PROBLEM REQUIREMENTS:
Omit the pictures and return exactly the stretch of the material below from the line with "Ett misstänkt bedrägeriförsök" through the line with "frame_generic_light (9).png".

MATERIAL FOR THIS EXERCISE:
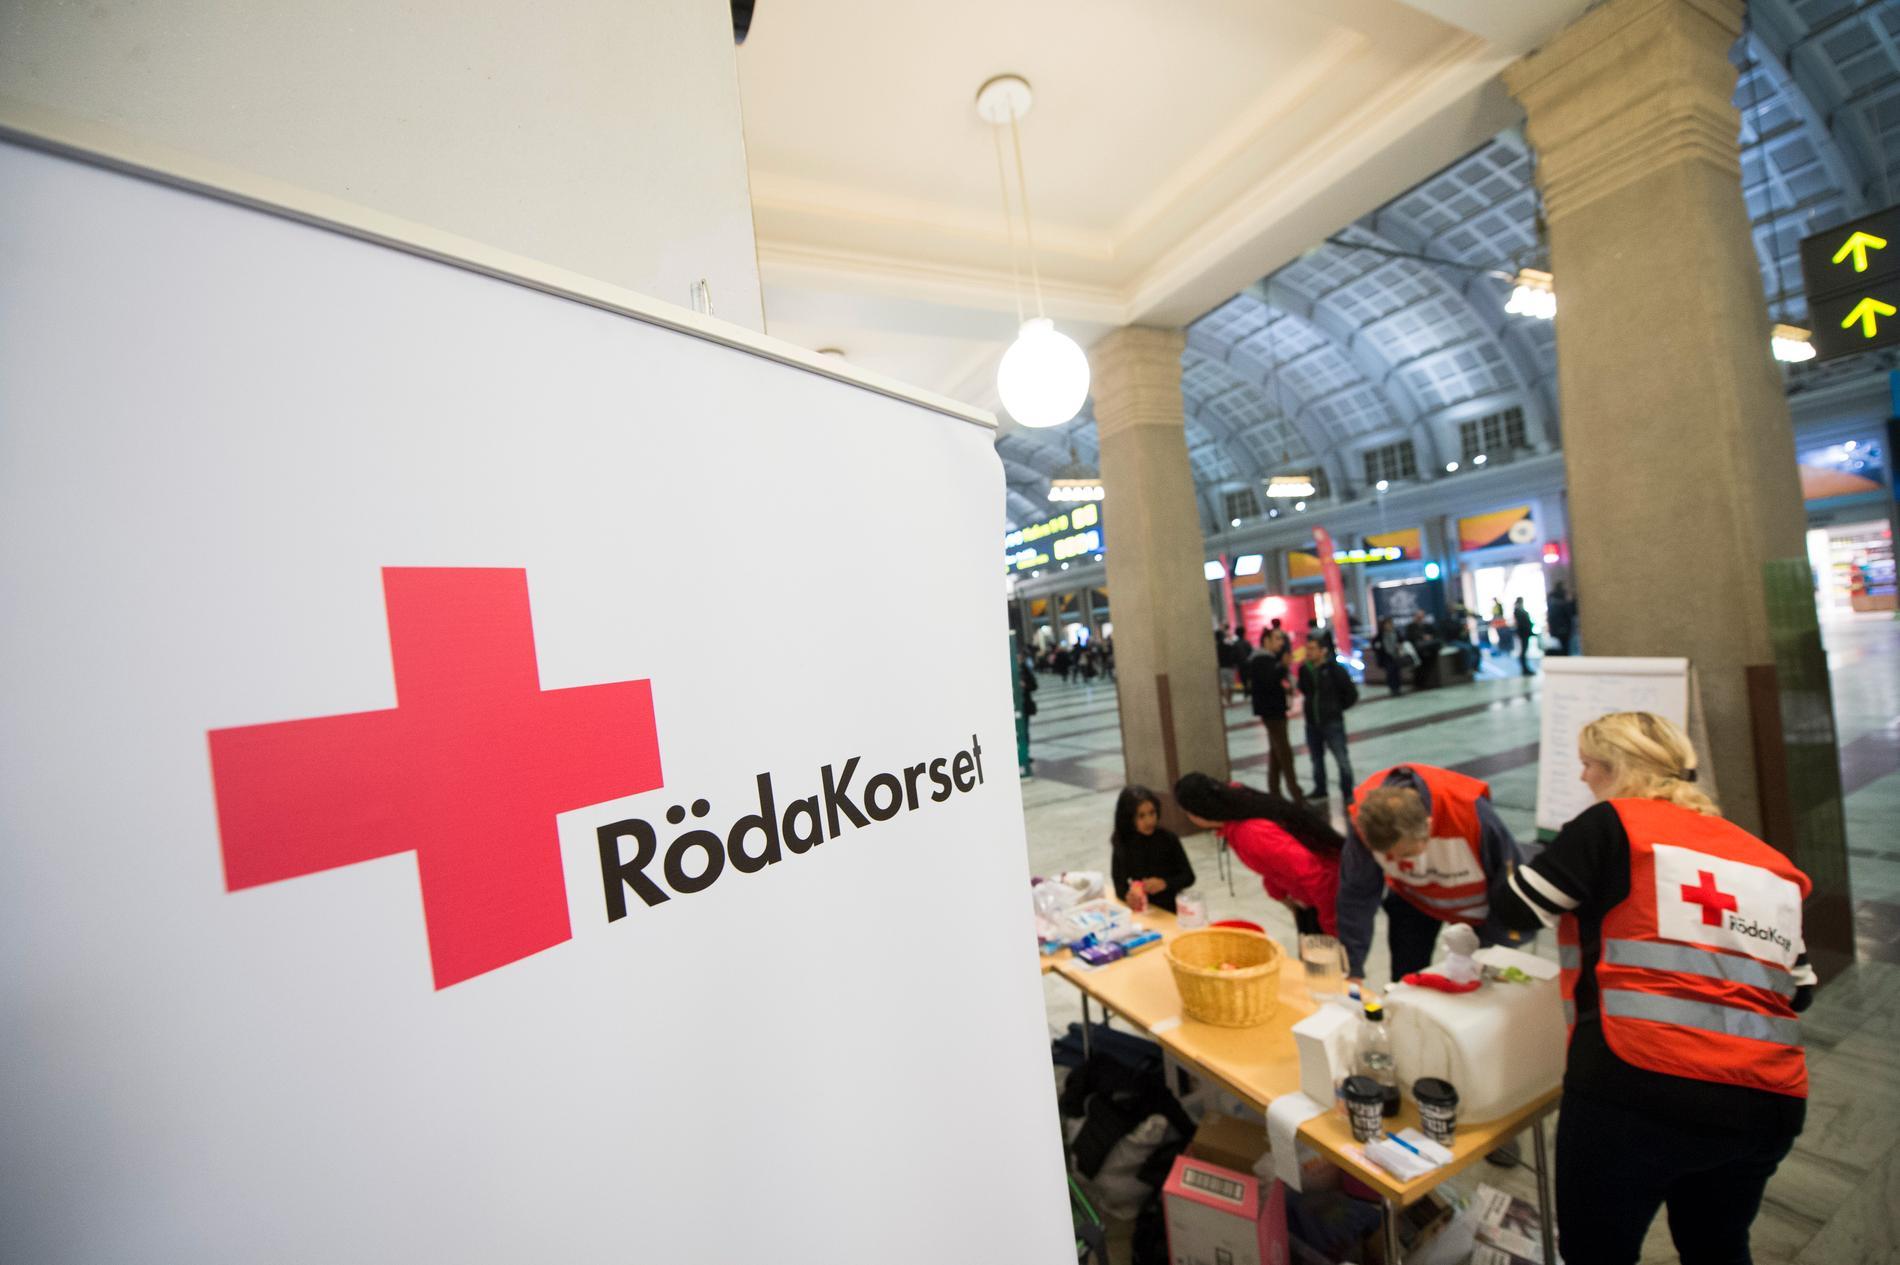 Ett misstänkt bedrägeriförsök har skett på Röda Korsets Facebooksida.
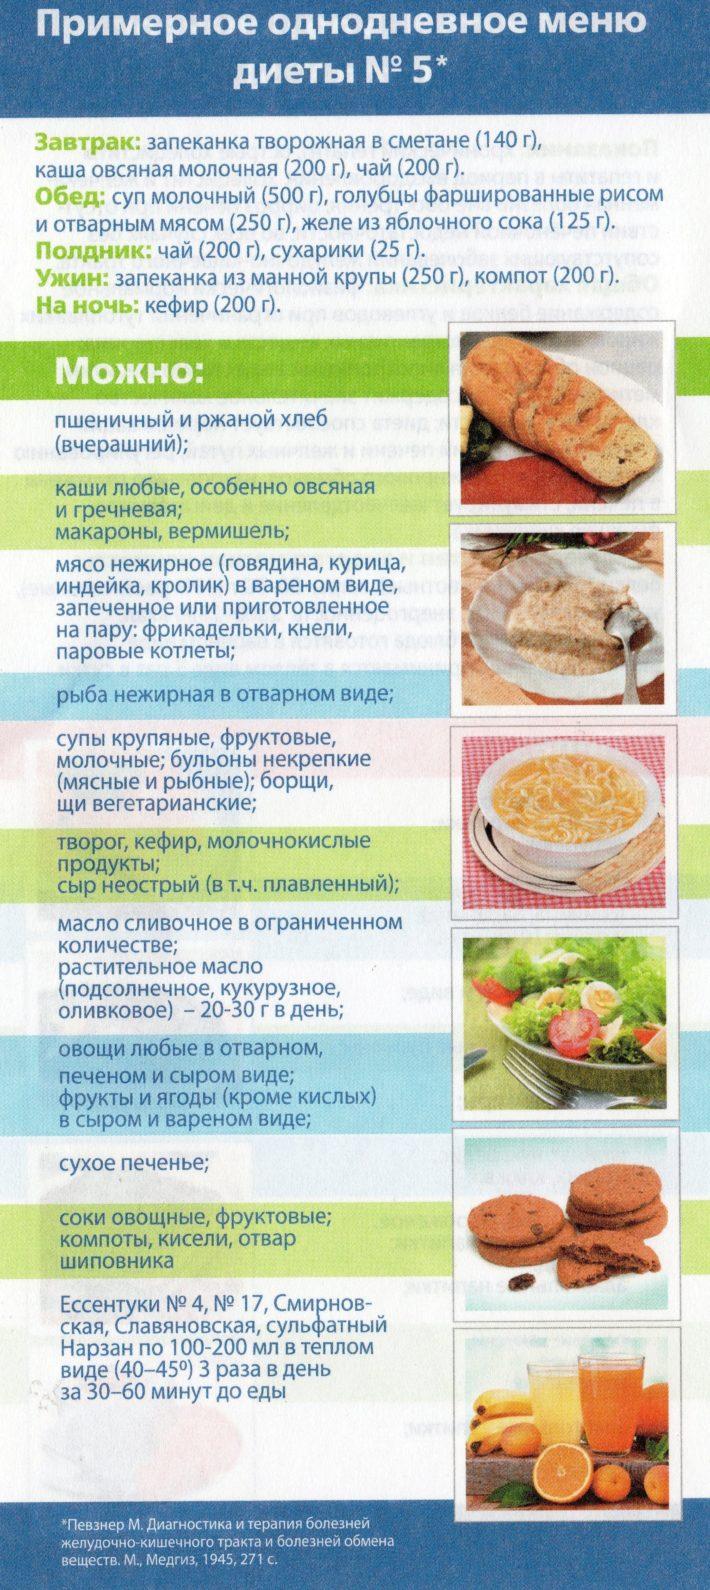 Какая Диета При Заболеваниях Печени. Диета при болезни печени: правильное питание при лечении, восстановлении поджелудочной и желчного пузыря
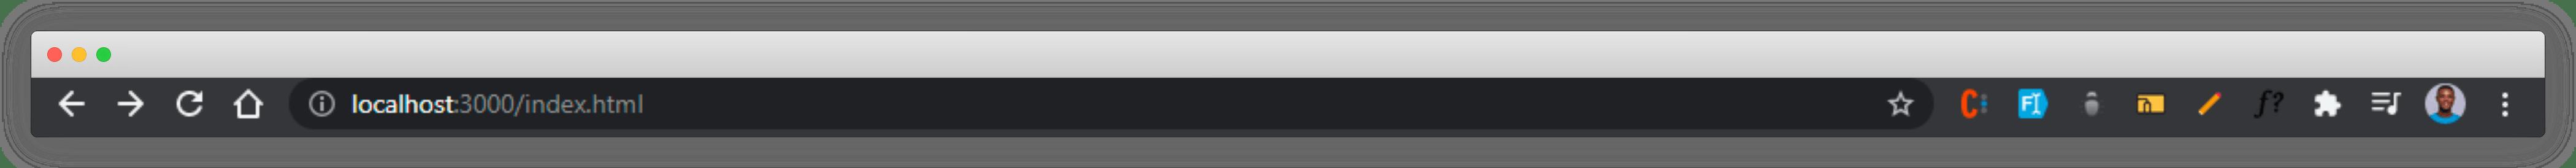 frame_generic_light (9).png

---

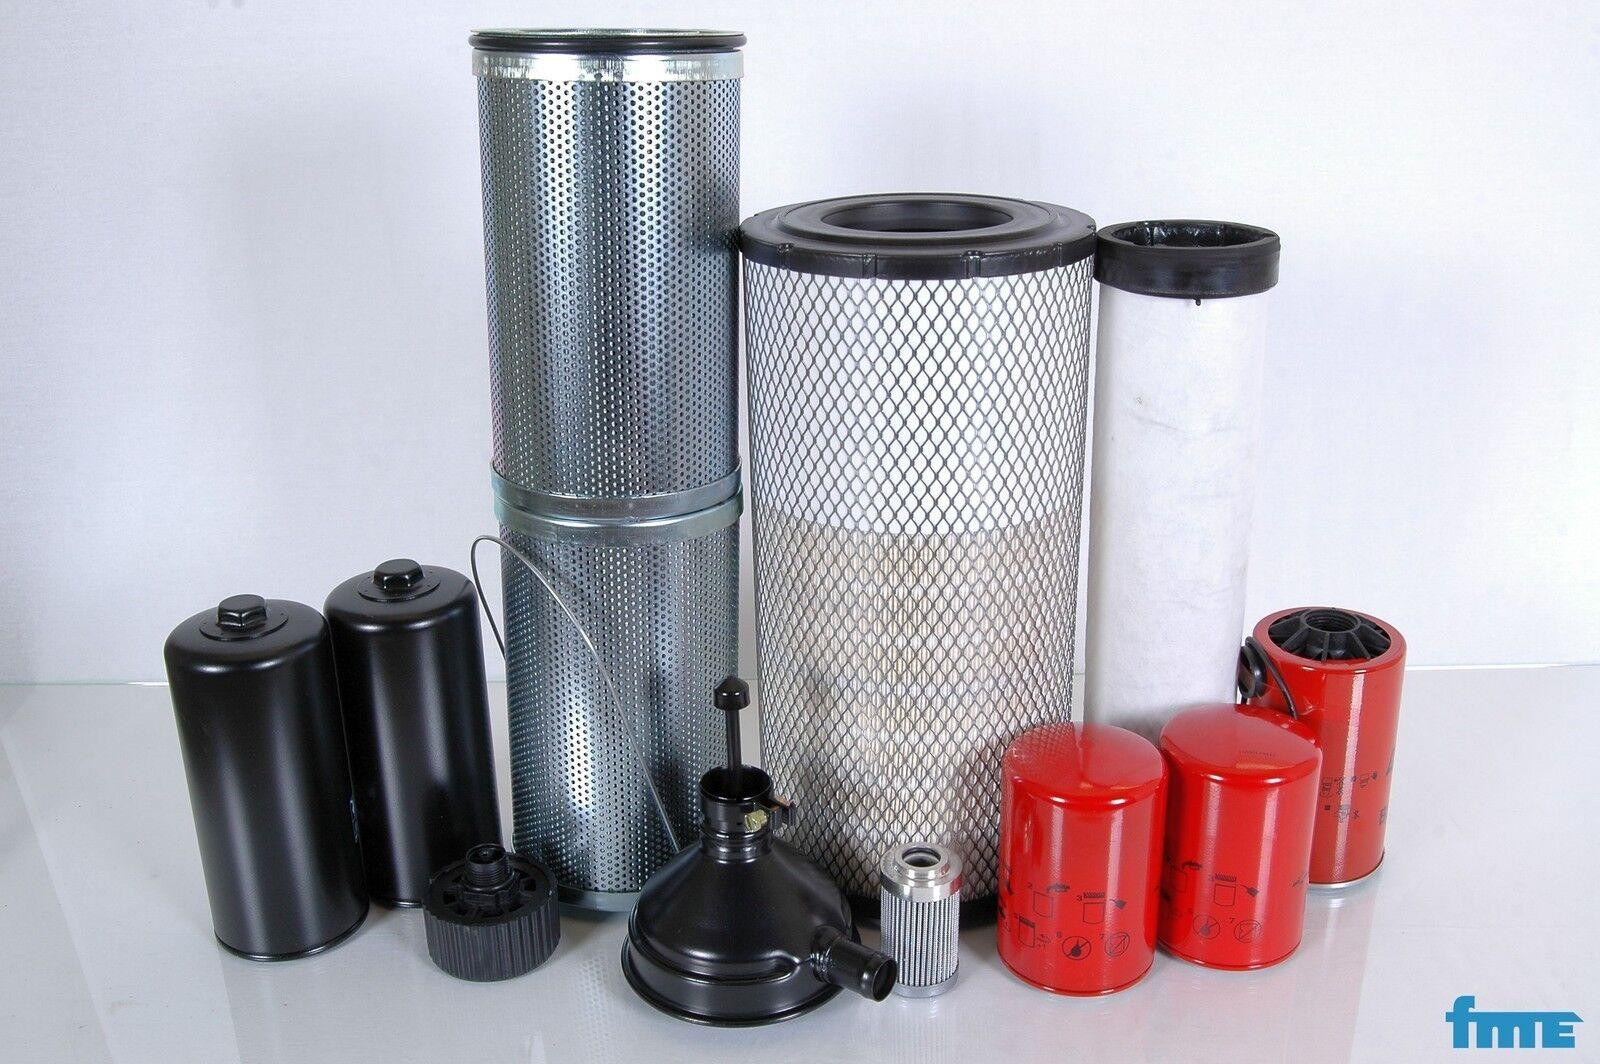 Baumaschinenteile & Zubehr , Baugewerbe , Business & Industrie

OUTPUT OF THE TASK:
 Ett misstänkt bedrägeriförsök har skett på Röda Korsets Facebooksida.
 Какая Диета При Заболеваниях Печени. Диета при болезни печени: правильное питание при лечении, восстановлении поджелудочной и желчного пузыря
 frame_generic_light (9).png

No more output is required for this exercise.